At the end of last week, Turkey’s Prime Minister Recep Tayyip Erdogan met with the leaders of protesters who had been occupying Gezi Park, the last green space in the center of Istanbul. He made what seemed to be a concession, that he would hold off on redeveloping the park until a court could review the case. Representatives of Taksim Solidarity who attended the meeting said that a referendum would be held if the court ruled in favor of such.
Then on Saturday, Erdogan sent in riot police with tear gas, water cannons and rubber bullets to force the protesters out of the park. Police detained doctors and nurses who had helped treat injured protesters as well as the owners of luxury hotels who had allowed protesters to enter their lobbies and ballrooms and arrested at least one foreign journalist.

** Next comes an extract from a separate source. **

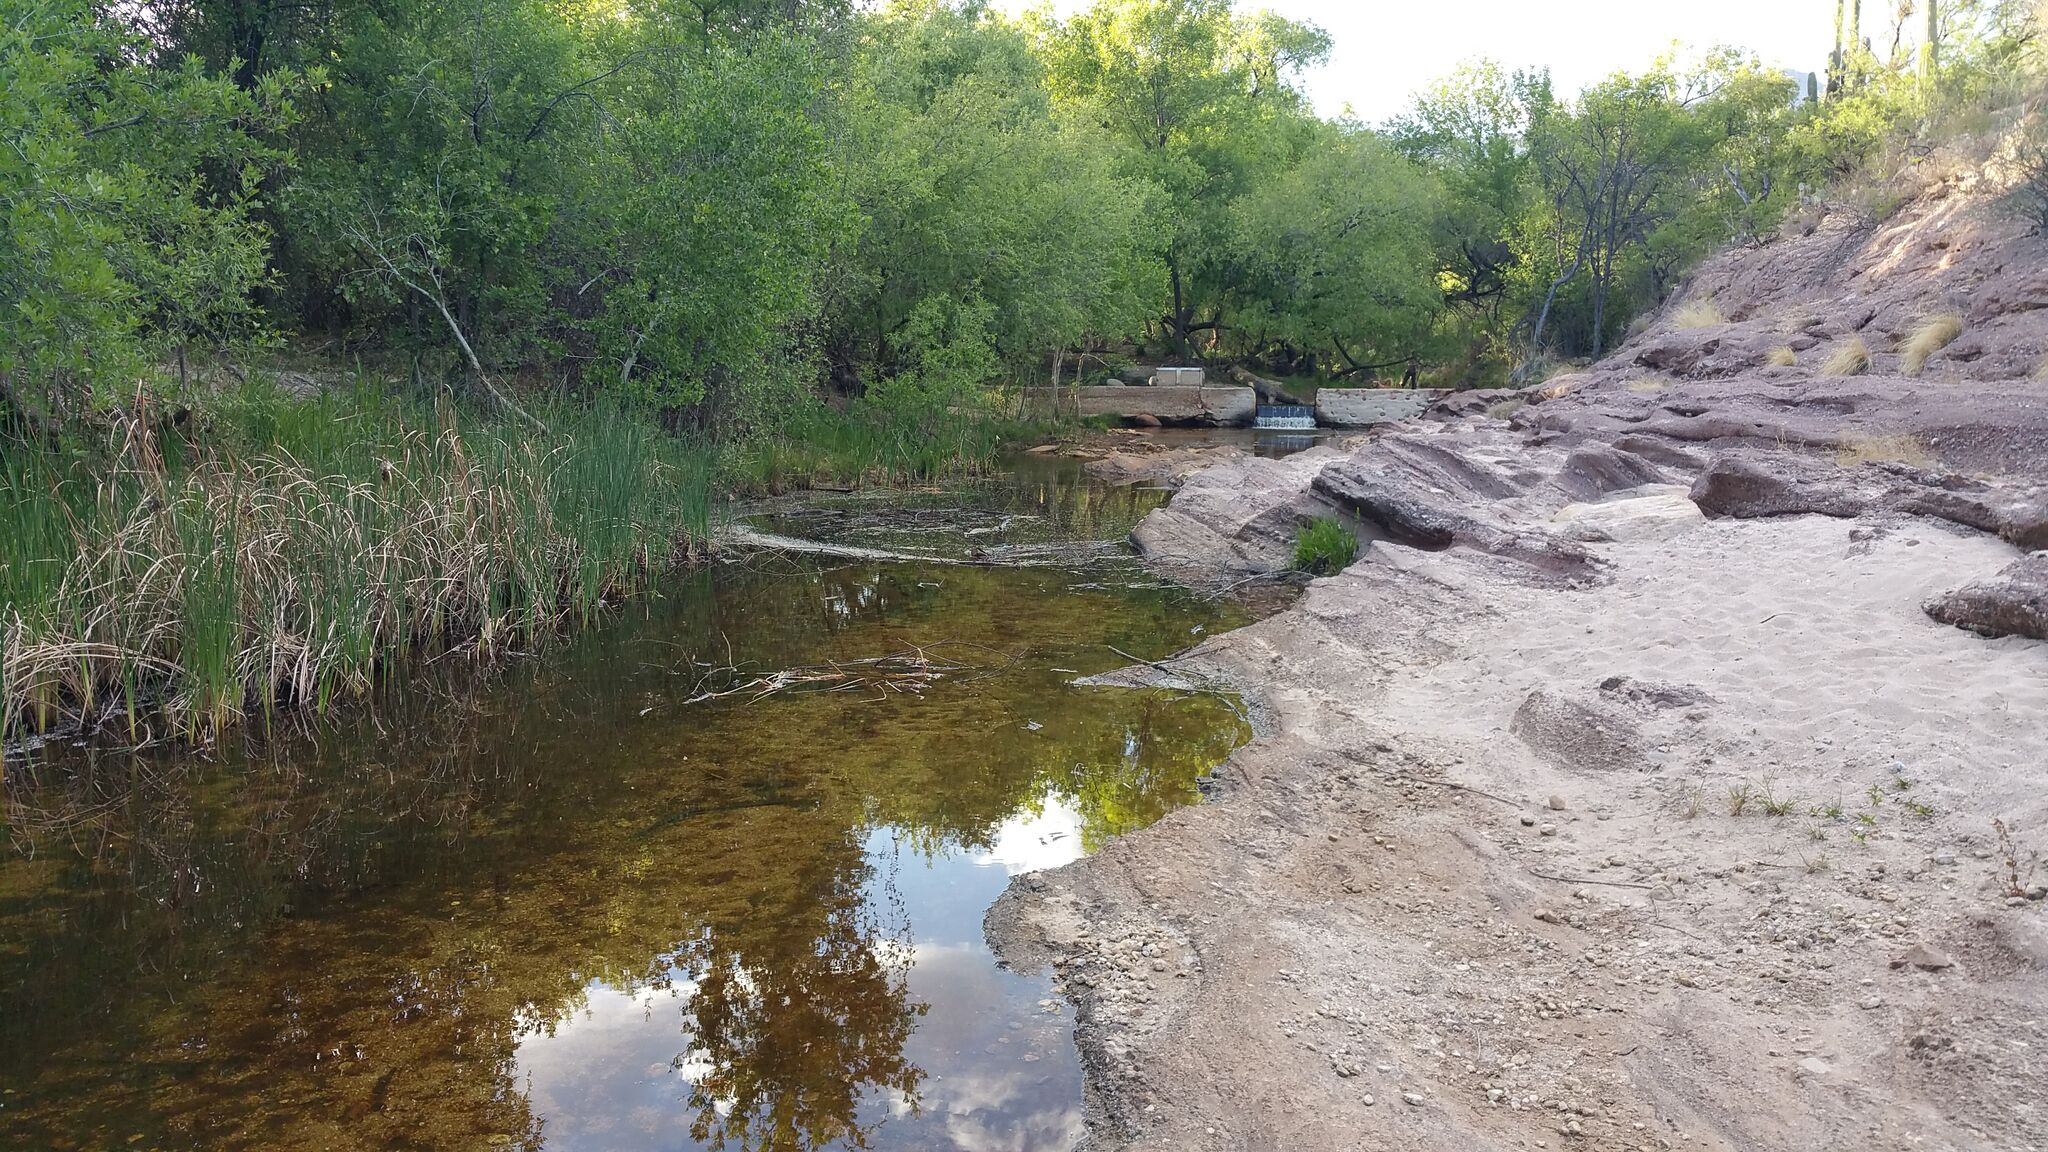 View of Lower Sabino Creek

Erdogan cracked down on protests in other cities, including the capital of Ankara and held a mass rally of his own supporters at an outdoor arena on the Sea of Marmara on Sunday. At this, he proclaimed “if anyone wants to see the real picture of Turkey, this is Turkey,” dismissed those who had occupied Gezi Park for 18 days as “vandals” and “terrorists” and mocked the BBC, CNN and Reuters on the grounds that they had “fabricated news.” Meanwhile a myriad of people waved flags with photos of Erdogan’s face and the logo of his Justice and Development Party (known as A.K.P. from its Turkish initials).

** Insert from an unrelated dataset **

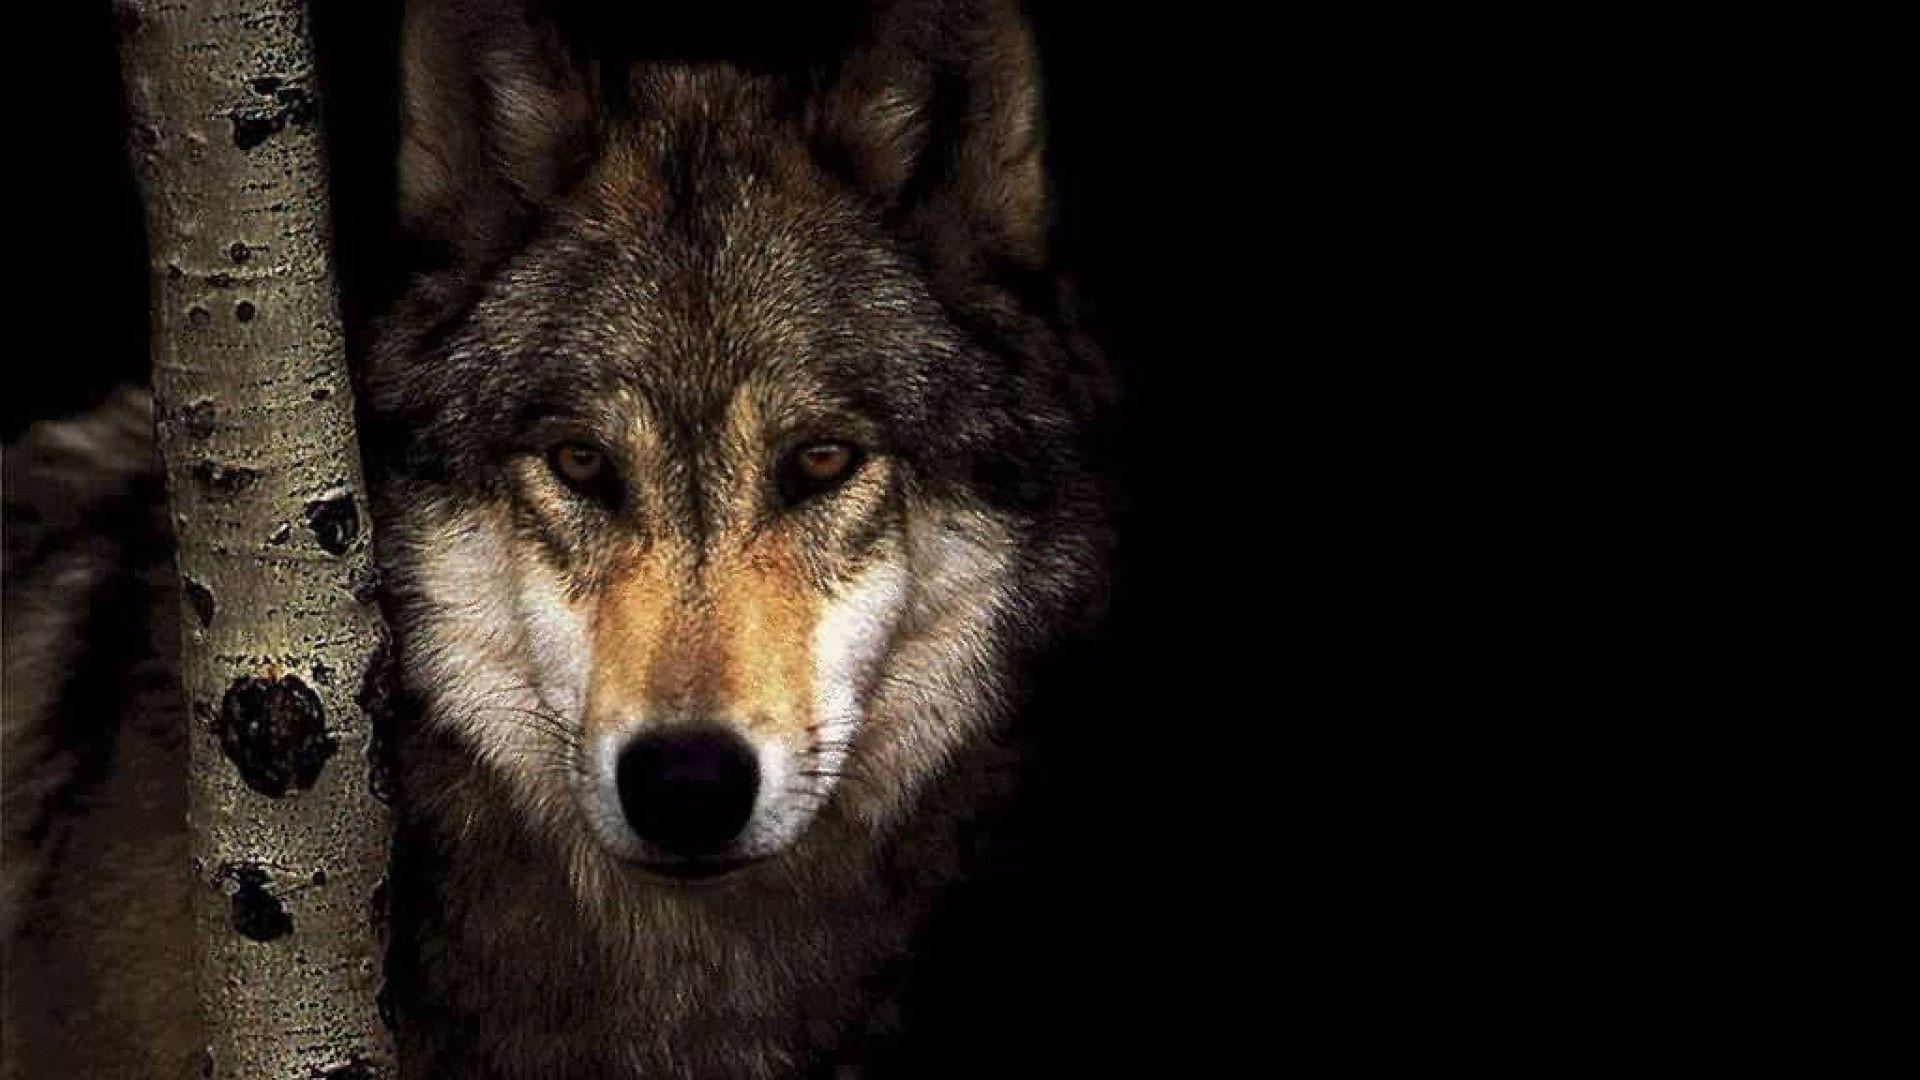 1212556 full size wolf desktop wallpaper 1920x1080 1920x1080 for samsung

Erdogan’s Harsh Response Draws Opposition Together
After ten years in which parliamentary opposition to him has been weak, Erdogan’s autocratic response to the protests has enabled “liberals, secularists and minorities” to find a “common cause.”

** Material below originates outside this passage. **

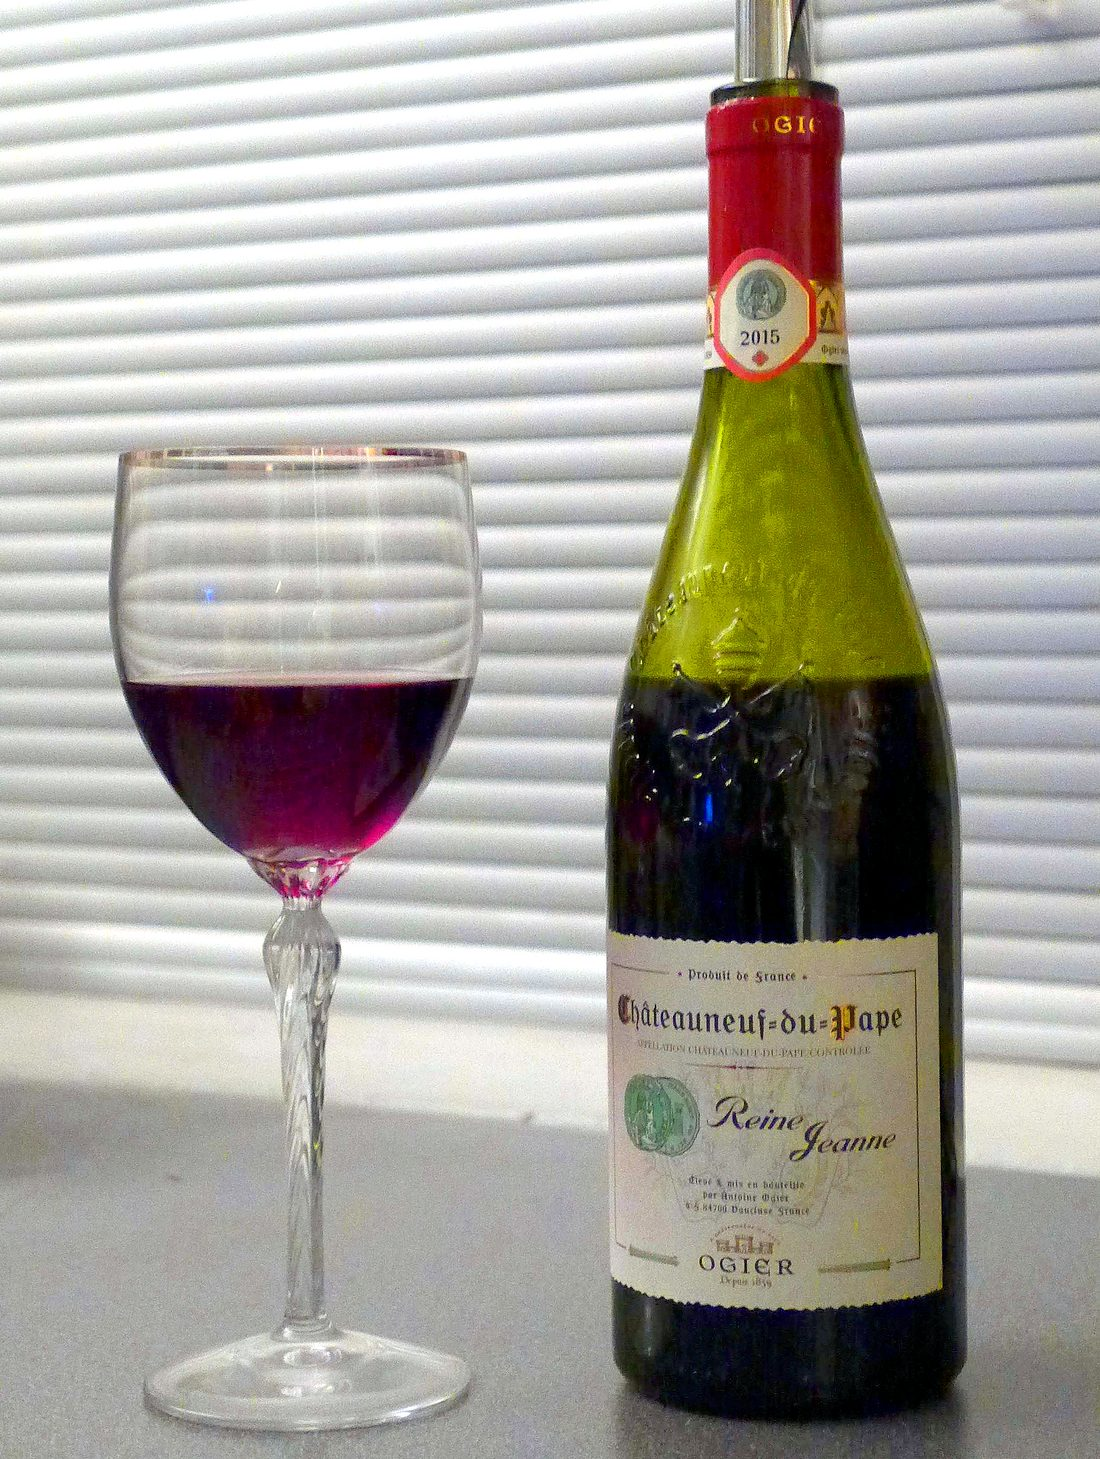 Ogier Chateauneuf-du-Pape Reine Jeanne 2015

Turkey was founded in the early twentieth century after secularists defeated Islamic Ottoman forces. The secularists continue to frown upon references to Ottoman rule such as the replica of a 19th-century Ottoman barracks that had been part of Erdogan’s original Gezi Park redevelopment plan. A survey in a Turkish newspaper, Today’s Zaman, says that growing numbers of Turks are concerned that their government is becoming more authoritarian and, in particular, imposing “lifestyle choices” that limit personal freedoms such as a recent law restricting alcohol use.
Erdogan has frequently pointed to Turkey’s economic growth and rising standard of living under his rule. Certainly he has more than plenty of supporters who minimize the extent of the protests and attribute them to foreigners. But with Turkey seeking entrance into the European Union, Erdogan should be aware that his harsh response could “undermine Turkey’s image as a rising global power and a model of Islamic democracy.” While not saying that talks involving Turkey’s accession into the EU should be called off, German Chancellor Angela Merkel has expressed shock at Erdogan’s crackdown and said that “what’s happening in Turkey at the moment is not in line with our idea of the freedom to demonstrate or freedom of speech.”
“National unity, done his way.” This is the path Erdogan has chosen, say the BBC; one Turkish government official has spoken about calling in the army if necessary. Workers have already planted flowers and brought in fresh sod into Gezi Park and police have regained control of it and Istanbul’s central Taksim Square. But Erdogan’s brutal, authoritarian clamp down on three weeks of civil unrest in Turkey has only coalesced and “solidified opposition against him.”